COLUMBUS, Ohio A new study by researchers at The Ohio State University Comprehensive Cancer Center Arthur G. James Cancer Hospital and Richard J. Solove Research Institute (OSUCCC James) provides evidence that genetically modifying immune cells might effectively treat multiple myeloma, a disease that remains incurable and will account for an estimated 24,000 new cases and 11,100 deaths in 2014 The researchers modified a type of human immune cell called T lymphocytes, or T cells to target a molecule called CS1, which is found on more than 95 percent of myeloma cells, and to kill the cells. The researchers grew the modified cells in the lab to increase their numbers and then injected them into an animal model where they again killed human myeloma cells. The findings were published in the journal Clinical Cancer Research.

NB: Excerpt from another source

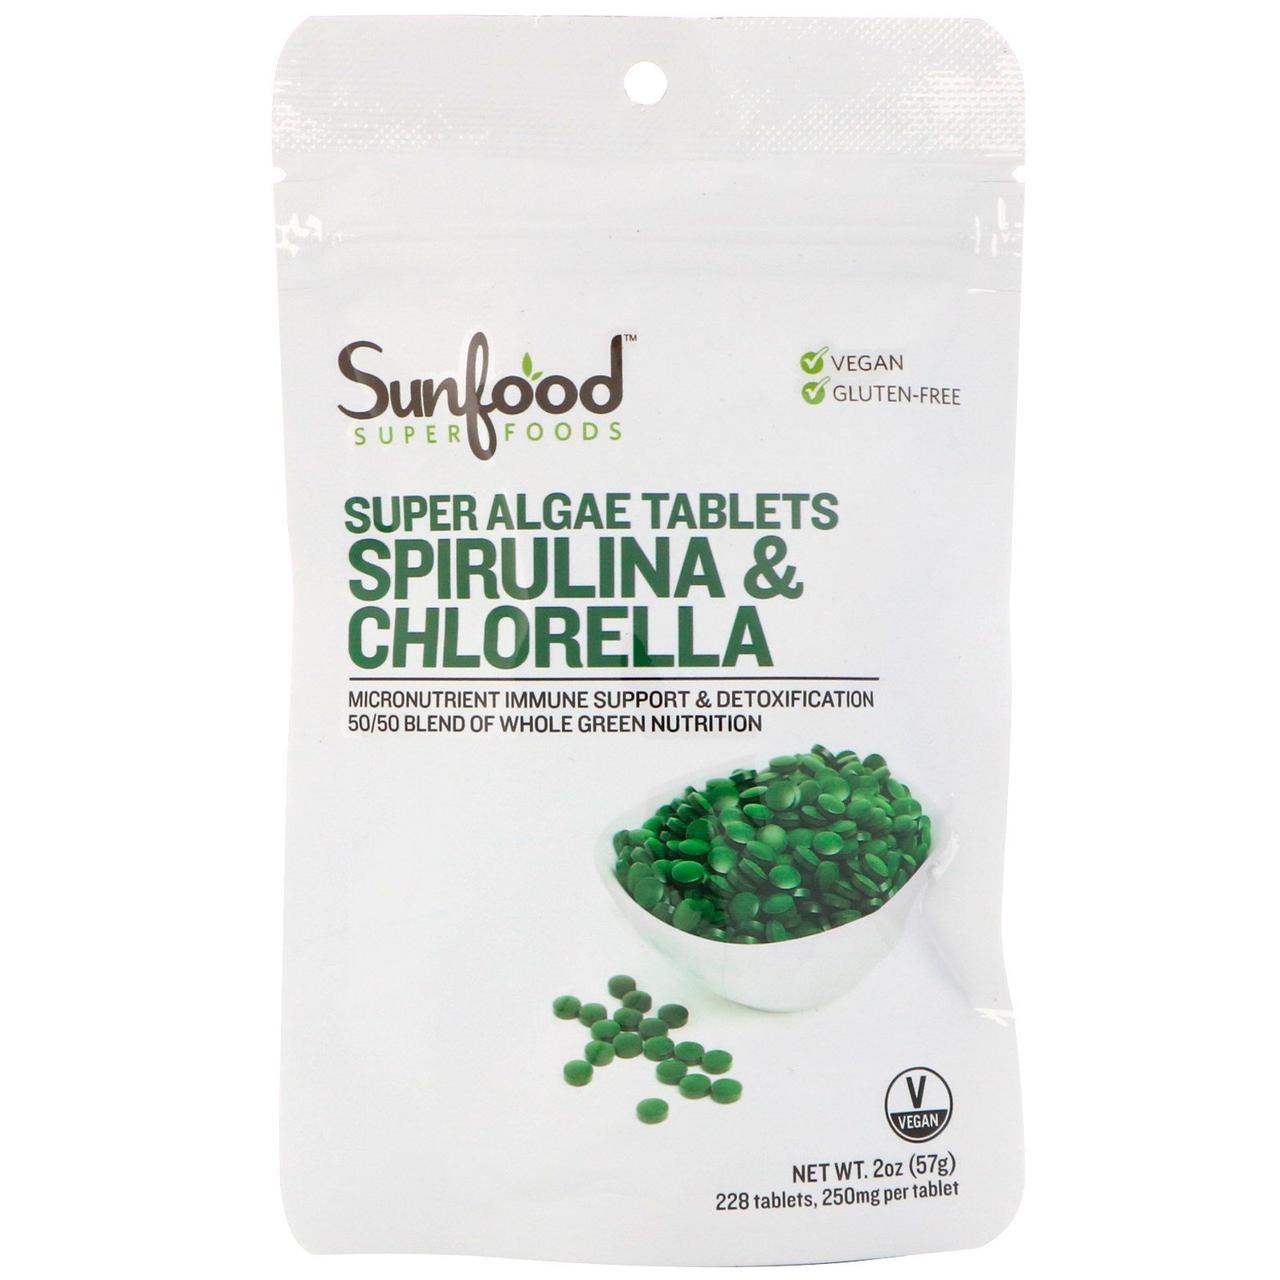 Спіруліна і хлорела, таблетки з суперводорослями, 225 таблеток, Sunfood

"Despite current drugs and use of bone marrow transplantation, multiple myeloma is still incurable, and almost all patients eventually relapse," says co-principal investigator and multiple myeloma specialist Craig Hofmeister, MD, MPH, assistant professor of medicine and a member of the OSUCCC James Translational Therapeutics Program.

"This study presents a novel strategy for treating multiple myeloma, and we hope to bring it to patients as part of a phase I clinical trial as soon as possible," Hofmeister says.

"In particular, our study shows that we can modify T lymphocytes to target CS1, and that these cells efficiently destroy human multiple myeloma cells," says principal investigator Jianhua Yu, PhD, assistant professor of medicine and a member of the OSUCCC James Leukemia Research Program.

"An important possible advantage to this approach is that these therapeutic T cells have the potential to replicate in the body, and therefore they might suppress tumor growth and prevent relapse for a prolonged period," Yu says.

For this study, Yu, Hofmeister and their colleagues used cell lines and fresh myeloma cells from patients to produce genetically engineered T cells with a receptor that targets CS1. The researchers then tested the capacity of the modified cells to kill human multiple myeloma cells in laboratory studies and an animal model.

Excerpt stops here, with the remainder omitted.